The Midlife Geek

Ramblings of a middle aged engineer, runner and open source enthusiast

Tag: Fix

Flashing Nexus 9 factory image

This tablet was super fast when I got it but now it lags and drives me nuts. I’d seen someone post on Reddit that flashing the factory image helped so I gave it a go.

Factory images are available here along with good, clear instructions. One caveat, Arch needs super user for fastboot otherwise you get “< Waiting for device >”. For the same reason run flash-all.sh with sudo too.

As to whether or not it helped, it is hard to say but I feel it has. How do you measure something that is entirely subjective?

Edit. Its been a few days now and it is faster. Much faster and without lag. I’m unclear why though. I’m not completely familiar with Android’s architecture but wonder if it’s a combination of multiple updates being applied (this was I think Android 5.0 when bought) and accumulated futz.

Secure Android Development, project preparation, a cold and a new year

It’s been a mixed start to the new year. Watching what I eat for the rest of January, damn you Christmas. Back at work after three weeks off, achieved nothing and left by eleven. My ego got the better of me and I went for a run despite having a cold, so am now suffering. Need to shift it with the first cross country league race on Wednesday. I can’t help wondering why generic medicines are so much cheaper than brand names.

Finally got around to ordering a replacement Acer V3-112P screen. Replacement was straight forward. Like most avionics technicians, I breathed a sigh of relief when the LED panel lit up proving the fault. The old girl is now sitting running a million updates courtesy of Microsoft.

While many Linux advocates eschew Microsoft, I prefer Office (Home Use Program).

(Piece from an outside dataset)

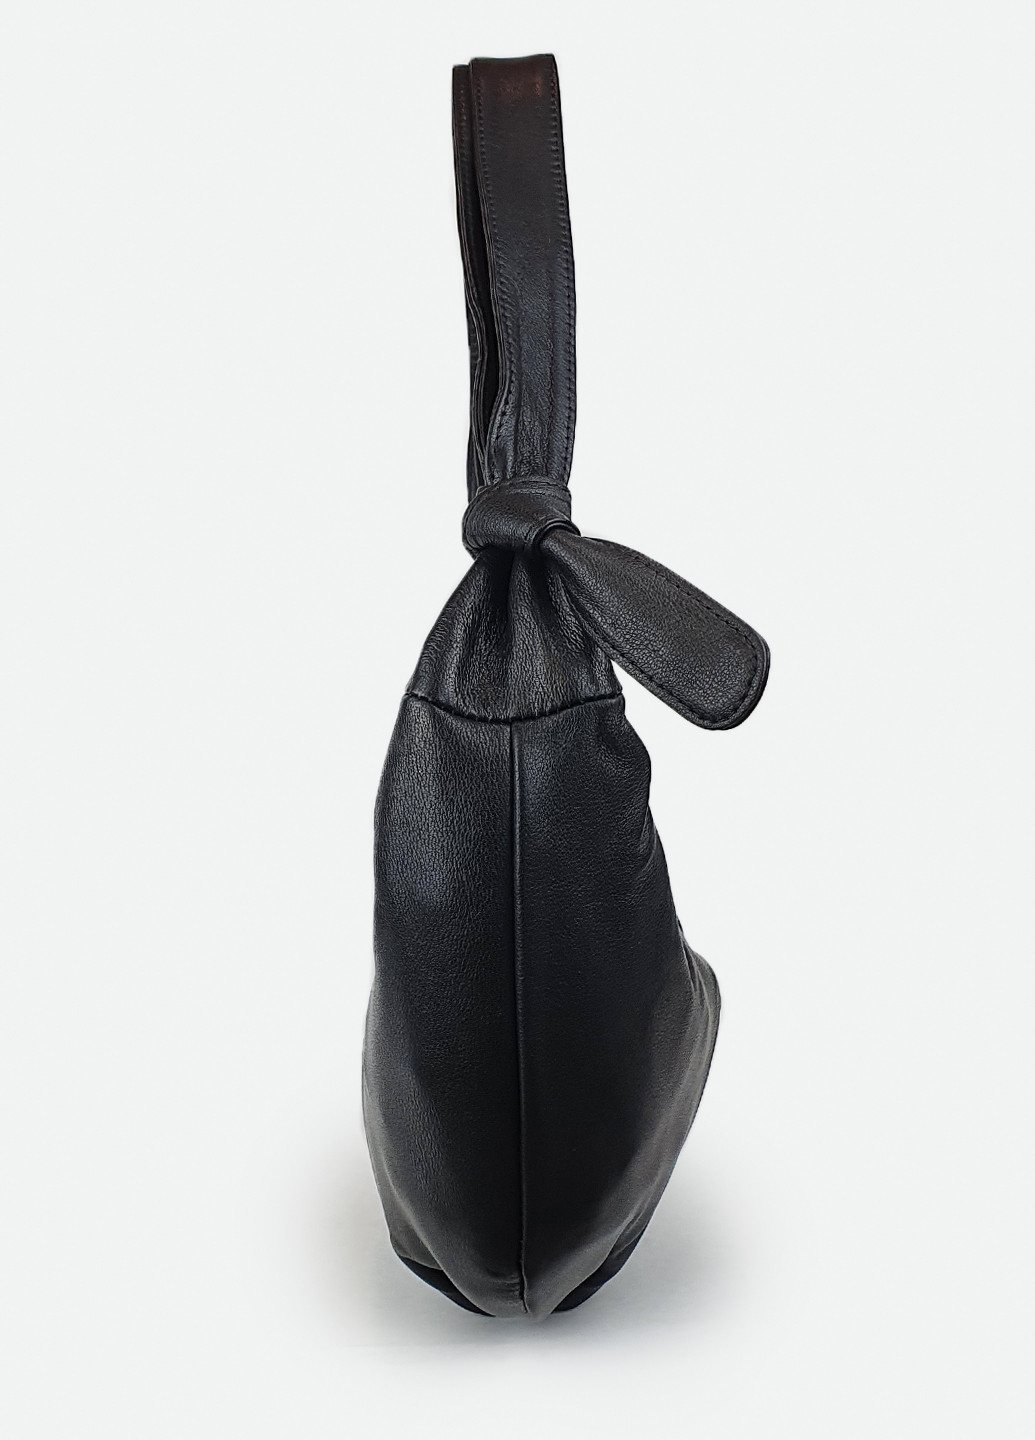 Женская сумка стильная черная кожаная, сумка-луна, бананка на грудь Fashion (229461517)
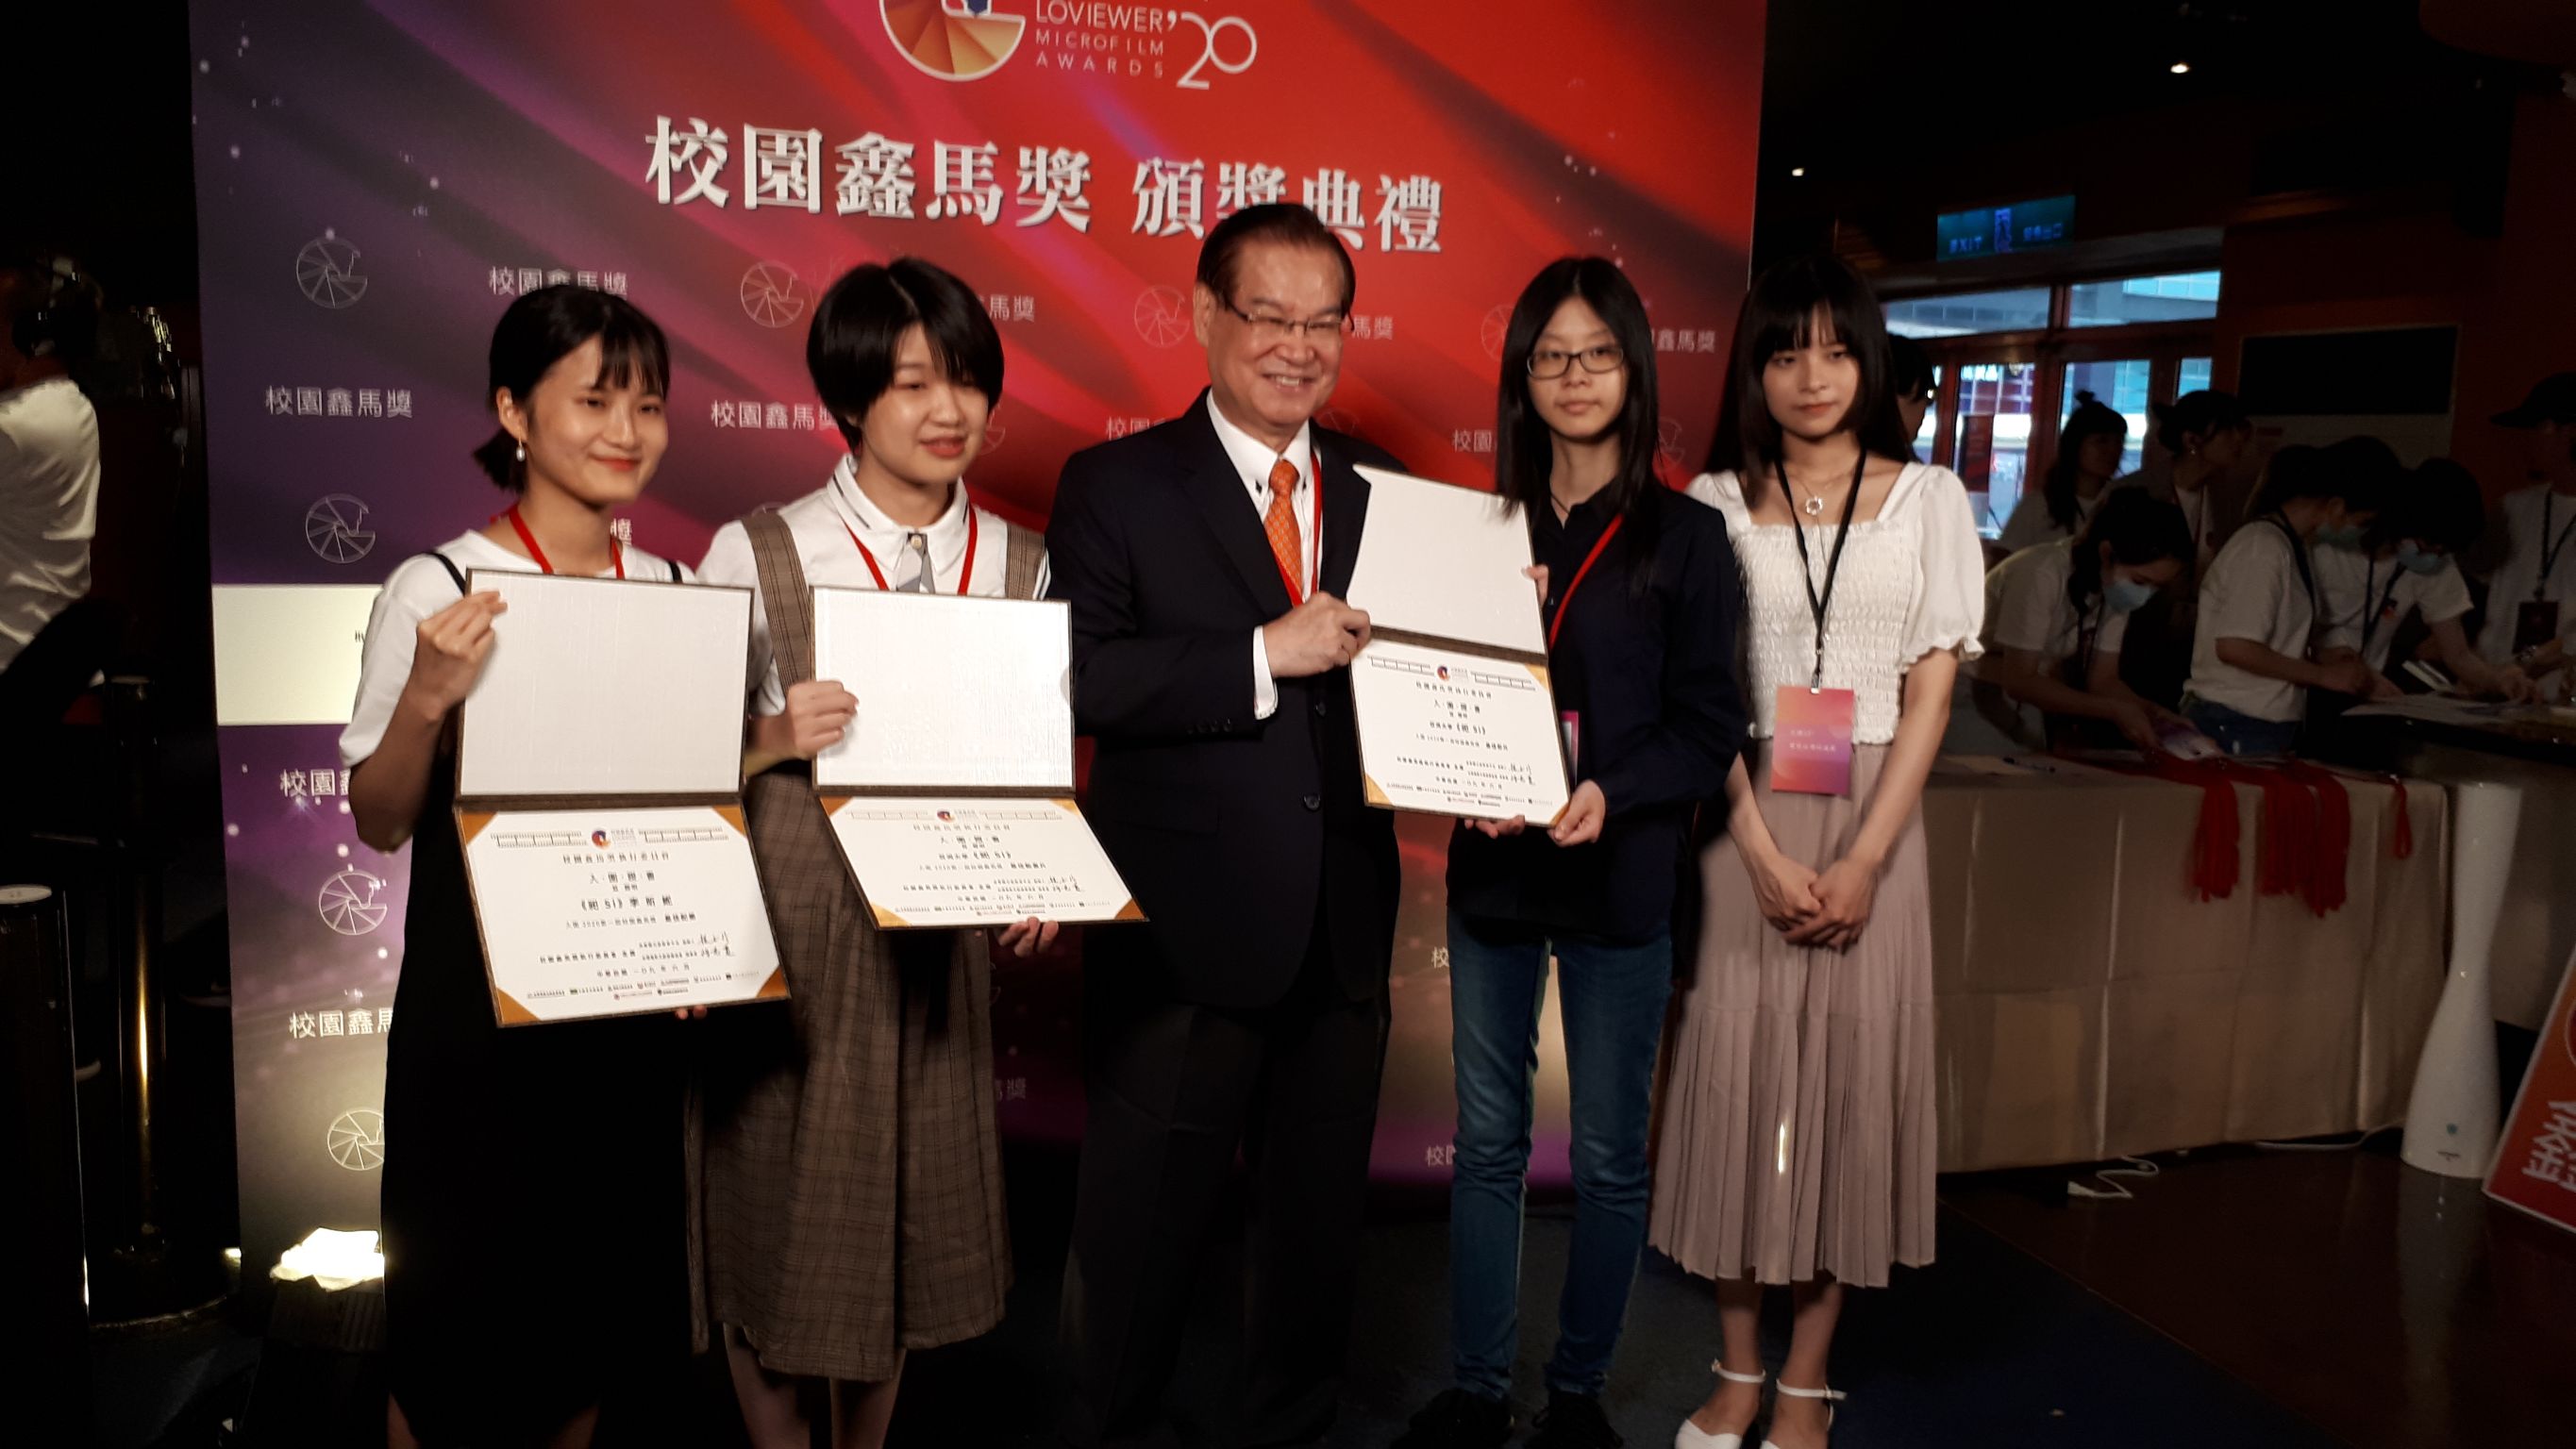 亞洲大學數媒系「格子好短」劇組4位學生製作的《祀Si》畢業專題作品獲獎，上台領獎

Like current, I take the path of least resistance and I use Word and Excel so often I know them inside out. Linux is an outstanding development platform, I’m using it for TM470.

TM470 project preparation continues, reviewing both TM353 and TM354. FutureLearn is a fantastic resource with a course on Secure Android Development. Delivered by the University of Southampton, it started last week. I haven’t decided the tool chain yet, particularly versioning. I have used SVN and Bazaar, which I prefer as it integrates well with Launch Pad. I won’t be using LP though so should investigate Mercurial and Git.

Read Original Sin too – best Marvel I’ve read in ages. Like Murder She Wrote in space. A real page turner, I read it in one sitting.

Something that didn’t grip me was the Assassin’s Creed movie. It starts off quite well, with a similar story to the games. It suffers the same problem as earlier games though – the present interrupts more interesting stories in the past. What I don’t get though is why option a game as a property then try not to appeal to that market?

What I haven’t made time for though is the Nintendo Classic Mini. I played a little Ghosts ‘n Goblins – damn I forgot how hard games were then. I always thought as a kid that I’d somehow be better at them as an adult but I guess I didn’t factor in reactions.

Repair Samsung NC10 MBR

I removed Ubuntu from a Samsung NC10 yesterday, now the F4 recovery option doesn’t work. Please excuse the lack of screen shots on this Howto but I couldn’t think how to capture from the recovery manager and camera shots look rubbish.

It would appear that Samsung uses a custom Master Boot Record (MBR) – so for Grub all is well because you can choose to boot into the recovery partition and away you go. However if you have followed any of the usual guides to removing grub (such as running an XP CD to a recovery console and typing fixmbr) F4 will not launch the restore tool.

System Rescue CD is a great tool to have handy on a USB key. You can, so booting into it run this command:

fdisk /dev/sda

Now pressing “p” should show you that the recovery partition is 1, so type “a” then “2”, “a” then “1” to make it bootable. Now write the partition table by typing “w” then reboot. At this point you will boot into the recovery manager and be able to recover but the F4 key will not still not be available at boot and of course trying to create a backup will not work either (as Windows will be booted on restart).

Once Samsung Recovery Manager III has loaded up, press Ctrl+Alt+F10 – I had no idea there was a management mode until I read this page (French) but be aware its only available from the recovery partition. It asks for a password – “secos” (without the quotes). Once in management mode, click the “Image” tab and select “Export” then “Select Location”, I used “D:”. Click “Start” and accept the dialogue box that comes up. This is a backup of the recovery partition.

Once this stage is finished, select the “Tools” tab, insert a spare USB stick and click “Admin Tool USB”. It will format the USB stick and then install some utilities. It takes a couple of minutes. Once finished click the close button in the top right and it’ll ask if the computer should be turned off – say yes.

Boot with the USB key we just made, bringing you to a completely different recovery menu. Click “MBR Fix” and then close the application.

Now when you reboot you’ll notice that the MBR has been repaired and F4 once again boots into Recovery Manager III.